» Aim of the task
Your task is to transcribe, without alteration, the lines from the top of the material below through the line bearing "Minami Takahashi Haruna", inclusive.

» Record extracts

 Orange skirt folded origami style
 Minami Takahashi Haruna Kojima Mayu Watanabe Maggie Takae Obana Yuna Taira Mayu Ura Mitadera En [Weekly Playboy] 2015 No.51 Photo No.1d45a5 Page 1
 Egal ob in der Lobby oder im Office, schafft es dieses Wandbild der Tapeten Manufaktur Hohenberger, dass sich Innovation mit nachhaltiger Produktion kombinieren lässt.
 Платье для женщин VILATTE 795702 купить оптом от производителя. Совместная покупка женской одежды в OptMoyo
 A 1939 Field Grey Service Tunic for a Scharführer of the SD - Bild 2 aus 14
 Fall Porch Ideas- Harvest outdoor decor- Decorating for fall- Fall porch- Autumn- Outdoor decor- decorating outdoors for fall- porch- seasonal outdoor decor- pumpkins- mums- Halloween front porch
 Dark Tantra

» Exercise output
 Orange skirt folded origami style
 Minami Takahashi Haruna Kojima Mayu Watanabe Maggie Takae Obana Yuna Taira Mayu Ura Mitadera En [Weekly Playboy] 2015 No.51 Photo No.1d45a5 Page 1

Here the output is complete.